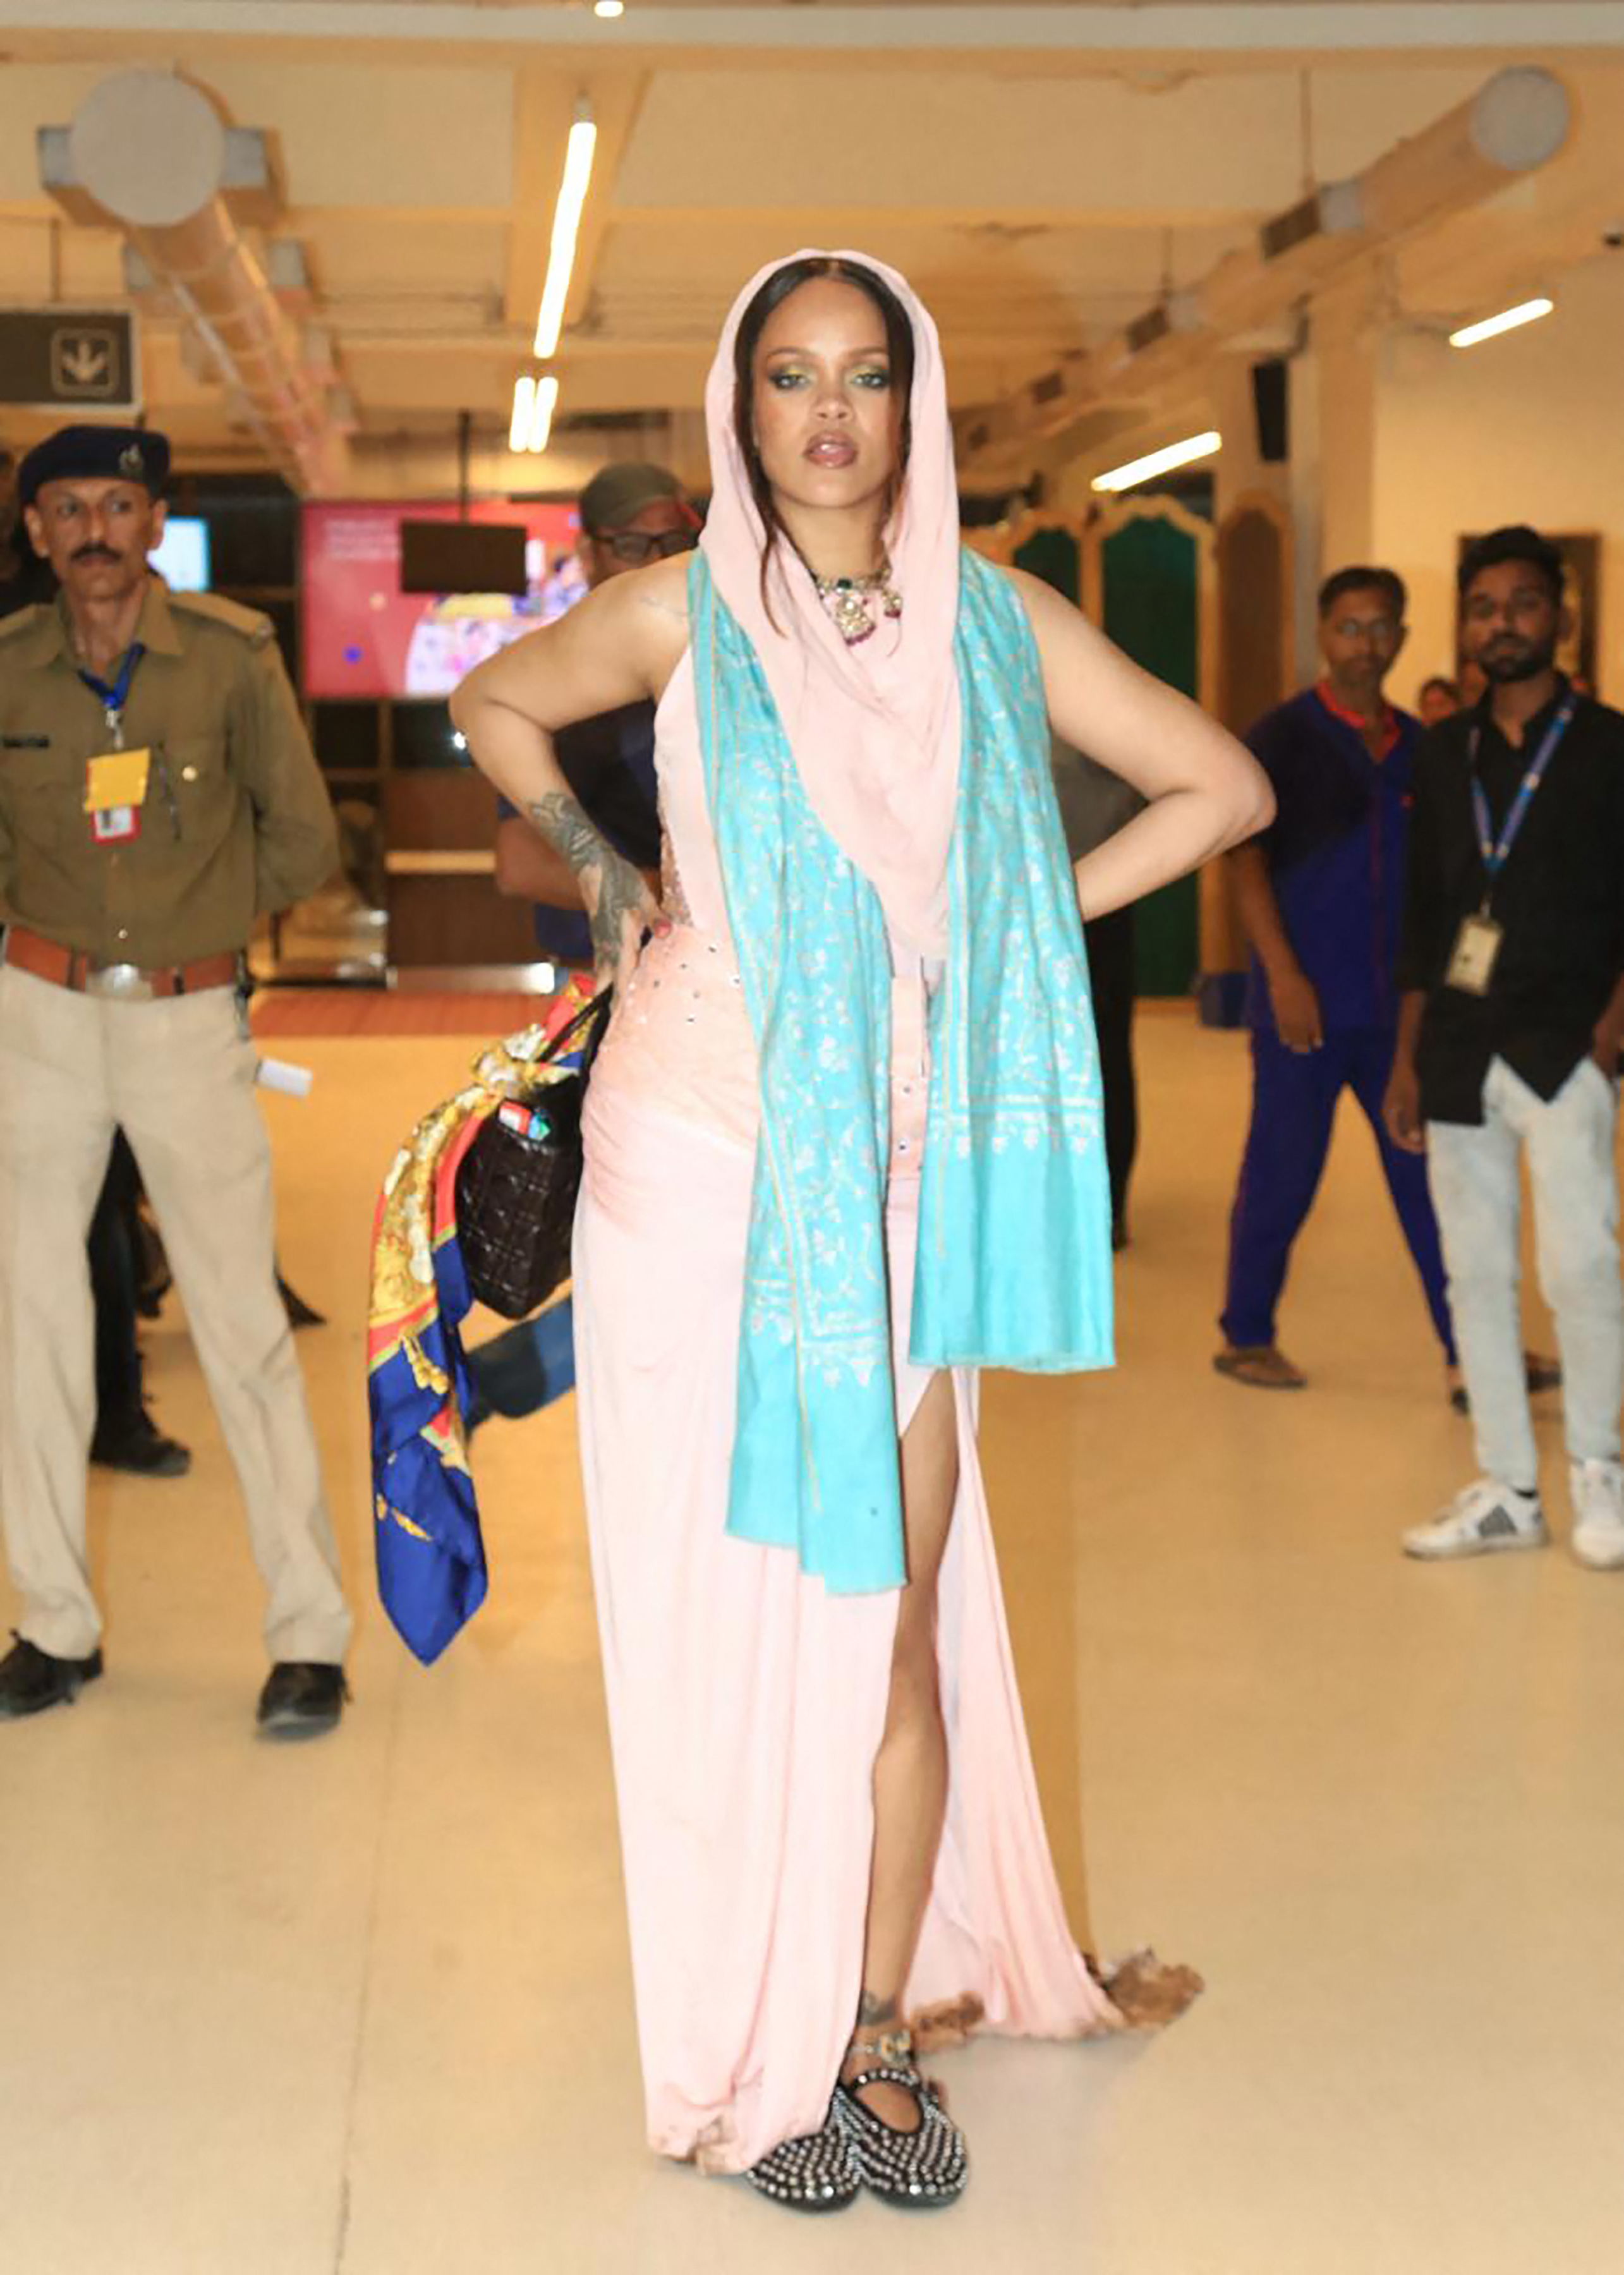 Rihanna performed at Anant Ambani and Radhika Merchant's pre-wedding party in India
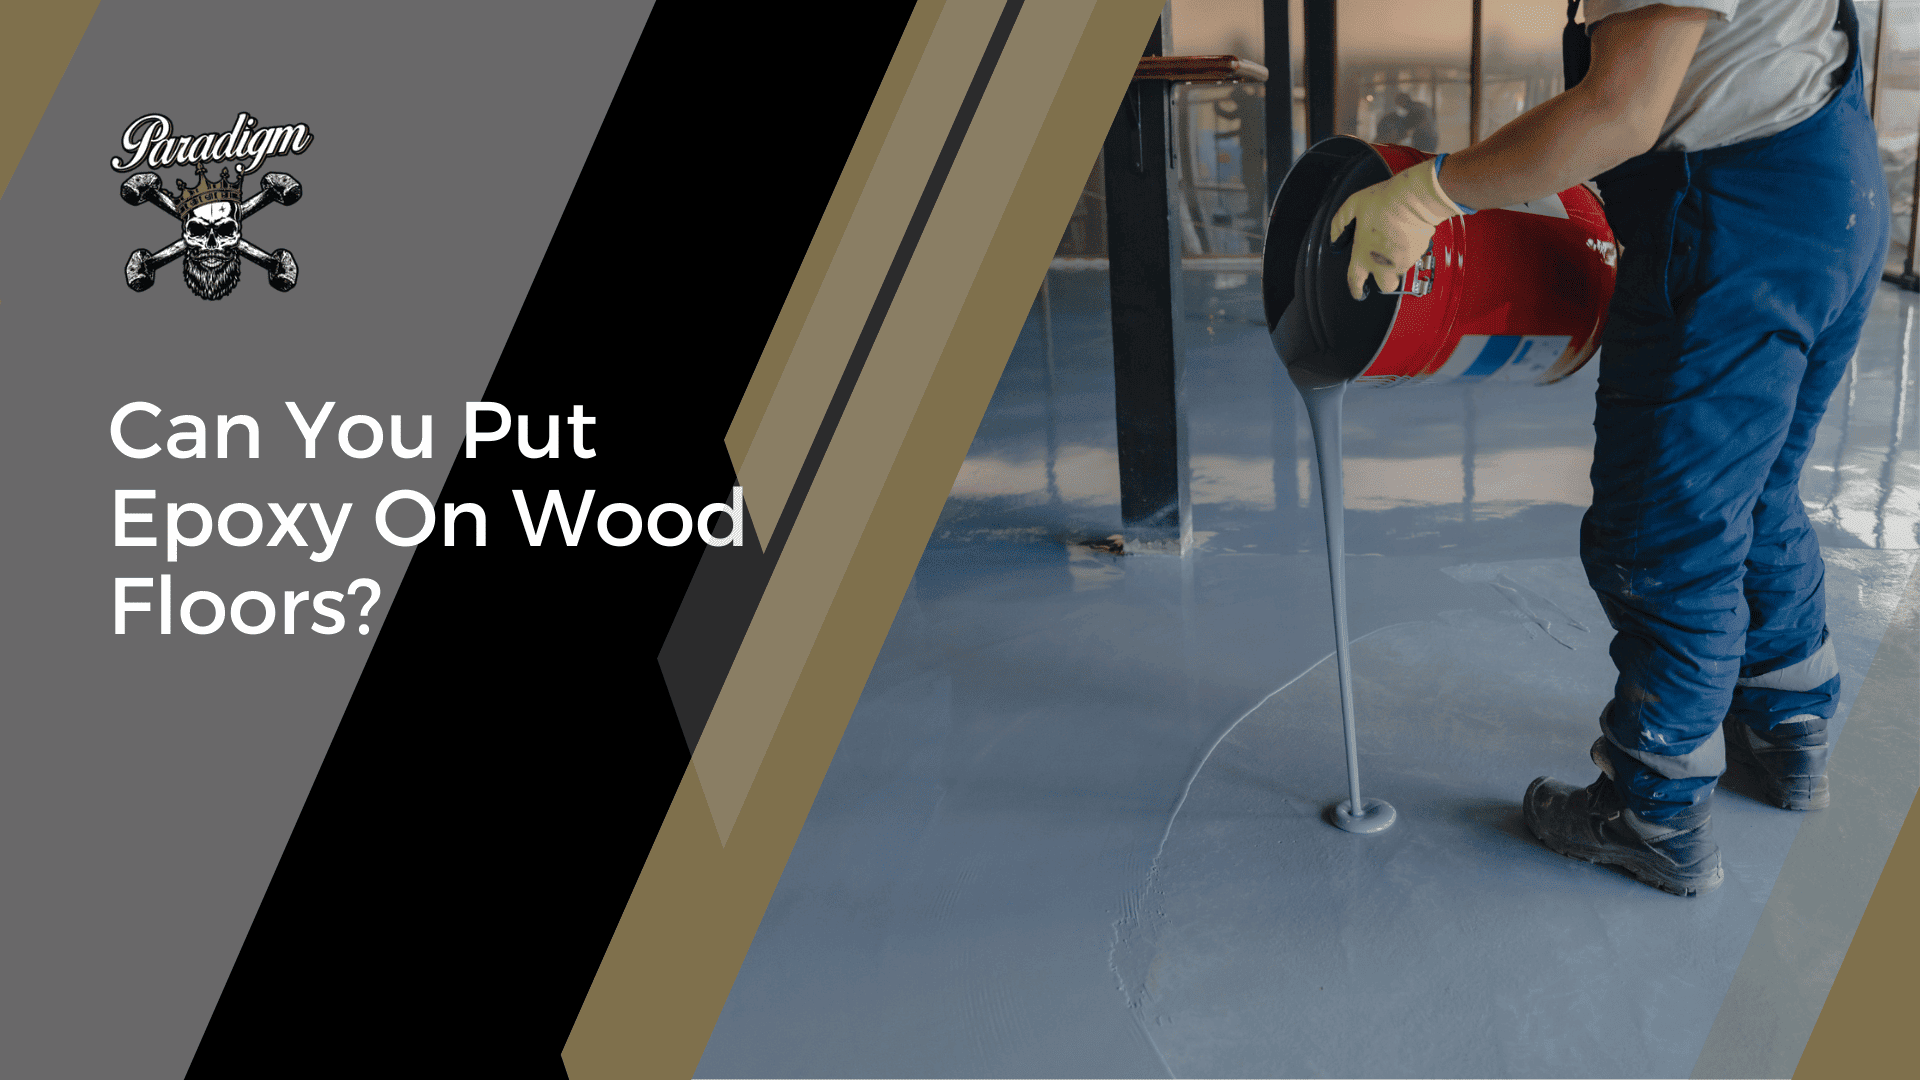 Can You Put Epoxy On Wood Floors?
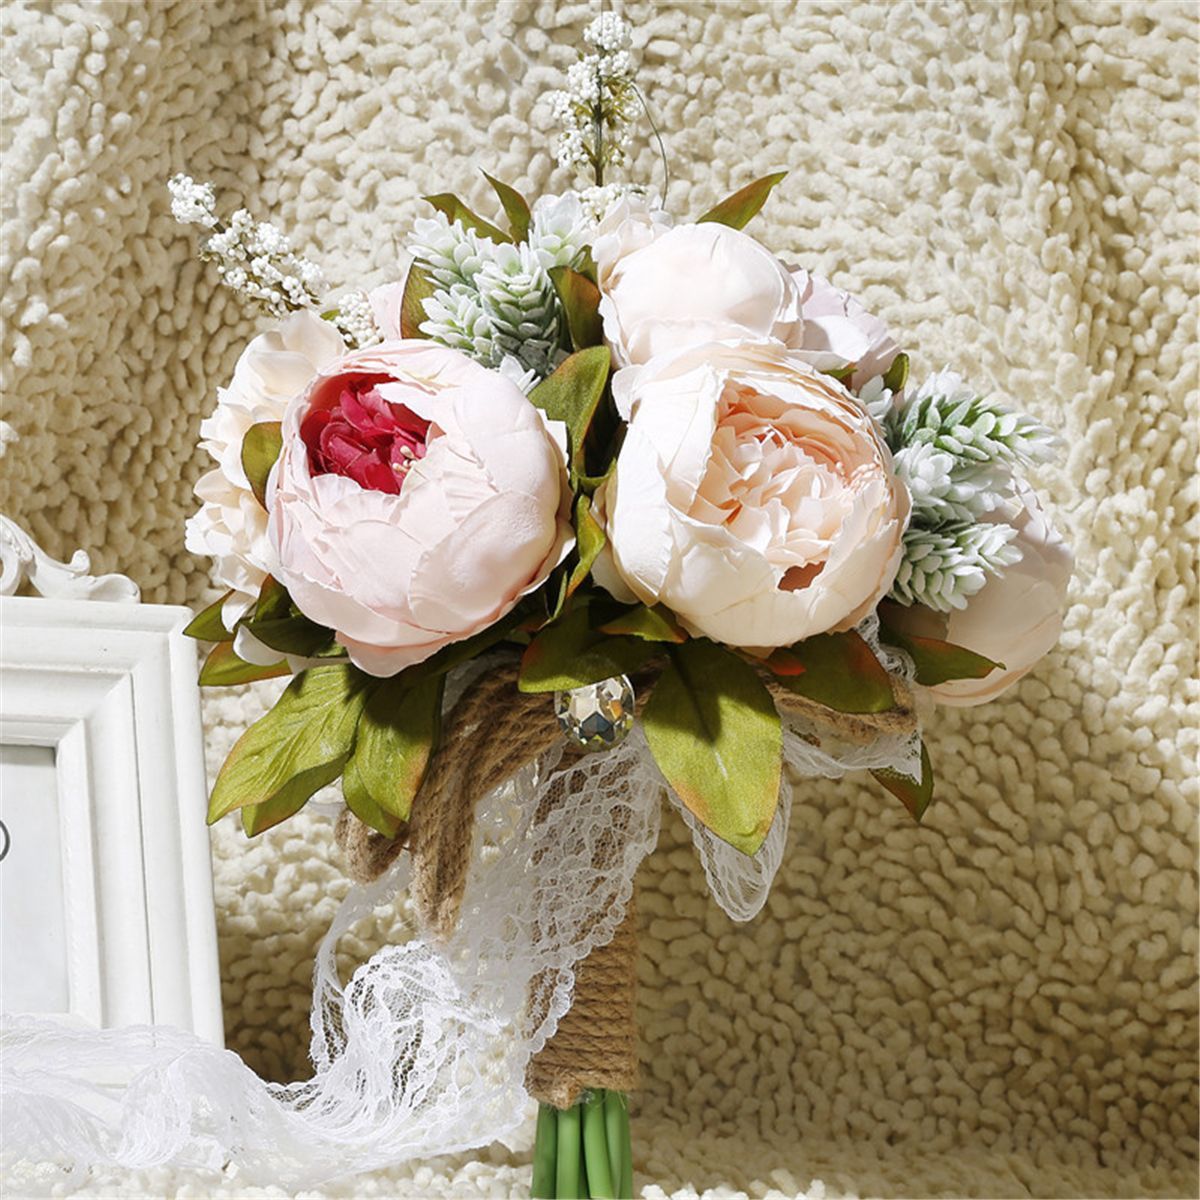 Women-Bridal-Bouquet-Artificial-Flower-Rose-Accessories-Bridesmaid-Wedding-Favors-Decor-1438512

[Exercise]
A word-for-word copy of the data, without its pictures, is what is needed.

[Output]
 Rihanna performed at Anant Ambani and Radhika Merchant's pre-wedding party in India
 Can You Put Epoxy On Wood Floors?
 Women-Bridal-Bouquet-Artificial-Flower-Rose-Accessories-Bridesmaid-Wedding-Favors-Decor-1438512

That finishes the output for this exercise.